The primary structure of the 142 residue Glossoscolex paulistus d-chain hemoglobin has been determined from Edman degradation data of 11 endo-Glu-C peptides and 11 endo-Lys-C peptides, plus the results of Edman degradation of the intact globin. Tryptophan occupies positions 15, 33 and 129. Homology modeling allowed us to assign the positions of these Trp residues relative to the heme and its environment. The reference coordinates of the indole rings (average coordinates of the C(varepsilon2) and C(delta2) atoms) for W15 and W129 were 16.8 and 18.5 A, respectively, from the geometric center of the heme, and W33 was located in close proximity to the heme group at a distance which was approximately half of that for W15 and W129. It was possible to identify three rotamers of W33 on the basis of electrostatic and Van der Waals energy criteria.
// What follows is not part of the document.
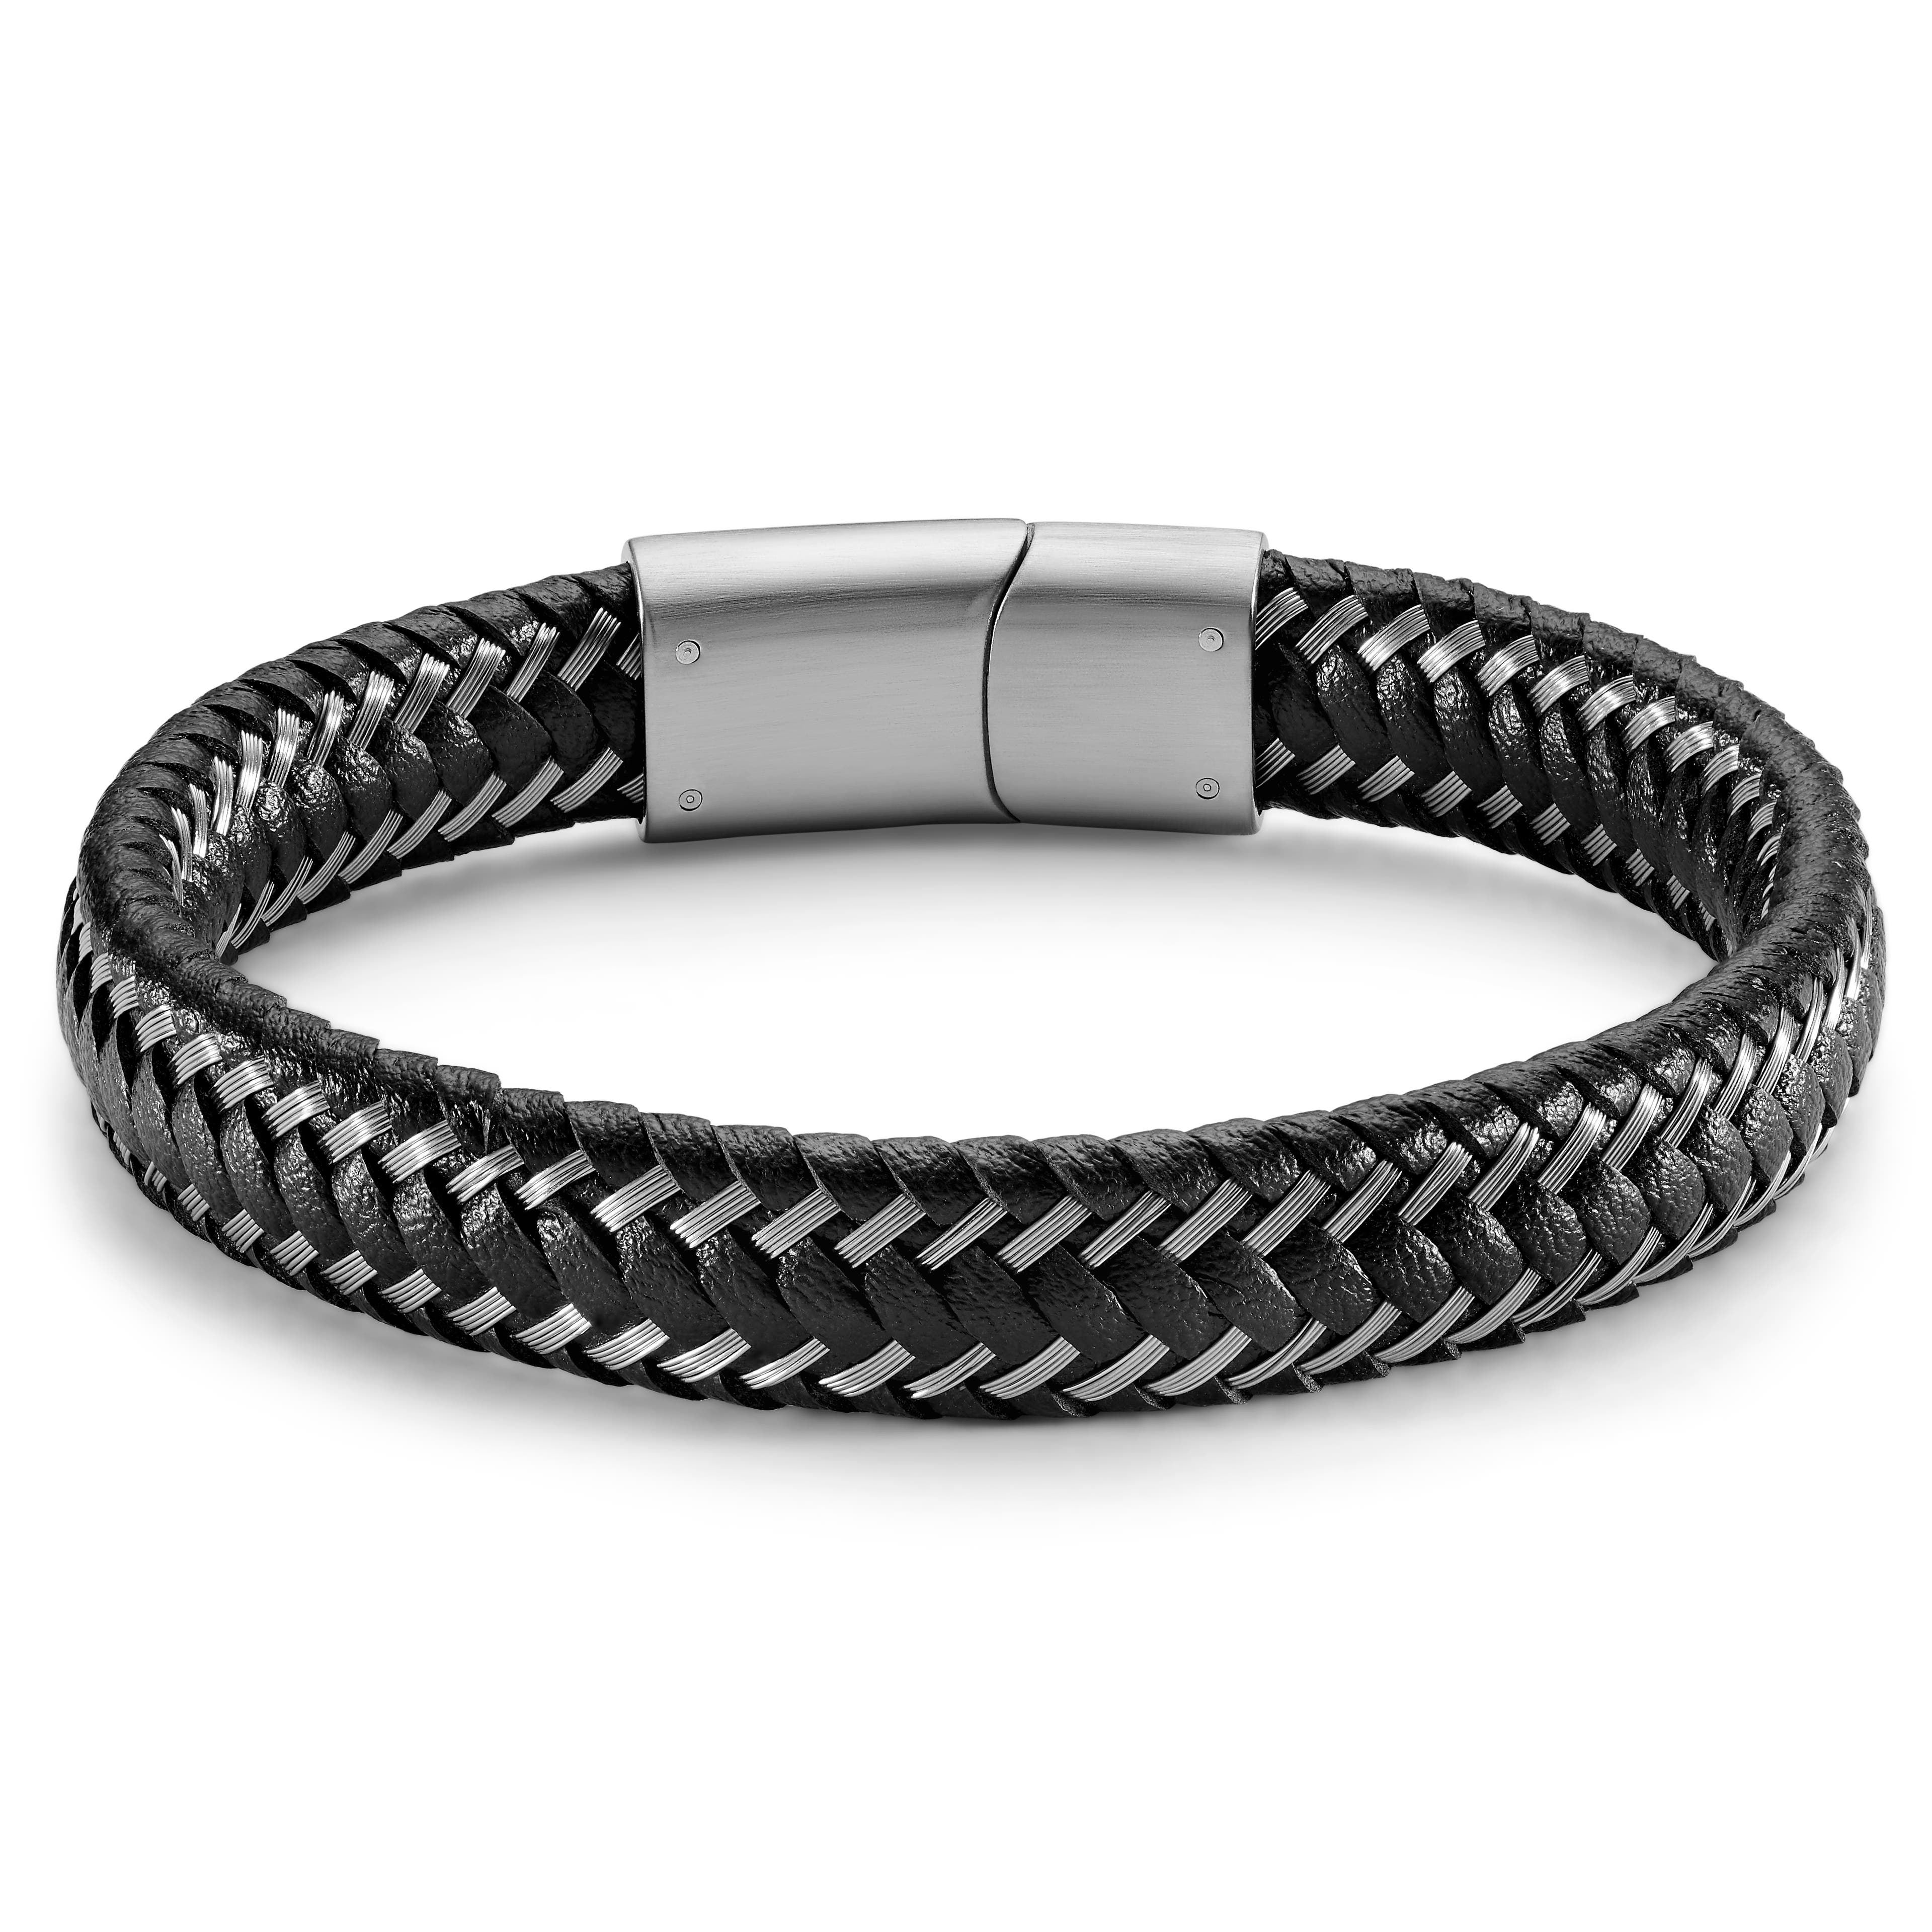 Black Leather & Stainless Steel Braided Bracelet | In stock! | Lucleon
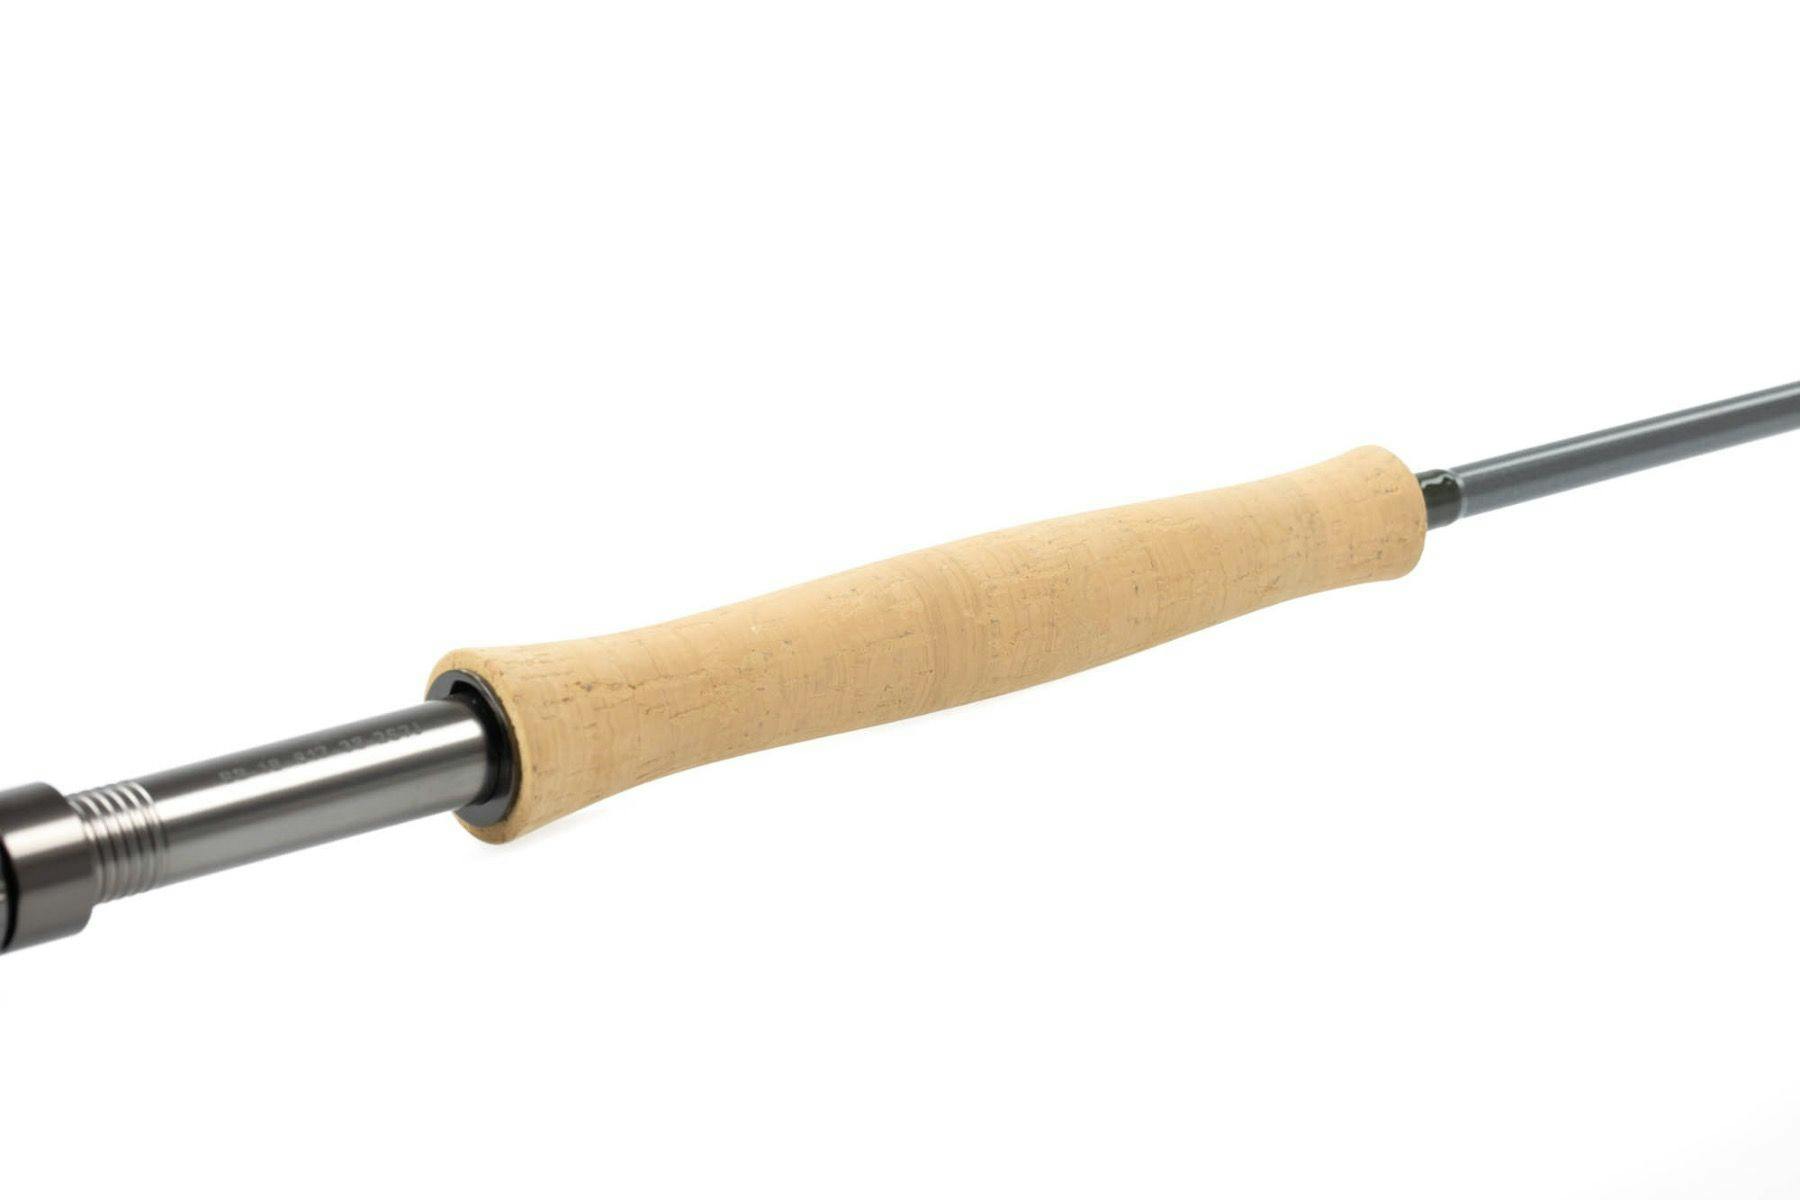 Orvis Clearwater Fly Rod · 8'6" · 5 wt

The calculated distances from the center of the heme were 8.3, 8.4 and 9.1 A for Rot1, Rot2 and Rot3, respectively. Radiationless energy transfer from the excited indole to the heme was calculated on the basis of Förster theory. For W33, the distance was more important than the orientation factor, kappa(2), due to its proximity to the heme. However, based on kappa(2), Rot2 (kappa(2)=0.945) was more favorable for the energy transfer than Rot1 (kappa(2)=0.433) or Rot3 (kappa(2)=0.125). In contrast, despite its greater distance from the heme, the kappa(2) of W129 (2.903) established it as a candidate to be more efficiently quenched by the heme than W15 (kappa(2)=0.191). Although the Förster approach is powerful for the evaluation of the relative efficiency of quenching, it can only explain pico- and sub-nanosecond lifetimes. With the average lifetime, =3 ns, measured for the apomonomer as the reference, the lifetimes calculated for each emitter were: W33-1 (1 ps), W33-2 (2 ps), W33-3 (18 ps), W129 (100 ps), and W15 (600 ps). Experimentally, there are four components for oxymonomers at pH 7: two long ones of 4.6 and 2.1 ns, which contribute approximately 90% of the total fluorescence, one of 300 ps (4%), and the last one of 33 ps (7.4%). It is clear that the equilibrium structure resulting from homology modeling explains the sub-nanosecond fluorescence lifetimes, while the nanosecond range lifetimes require more information about the protein in solution, since there is a significant contribution of lifetimes that resemble the apo molecule.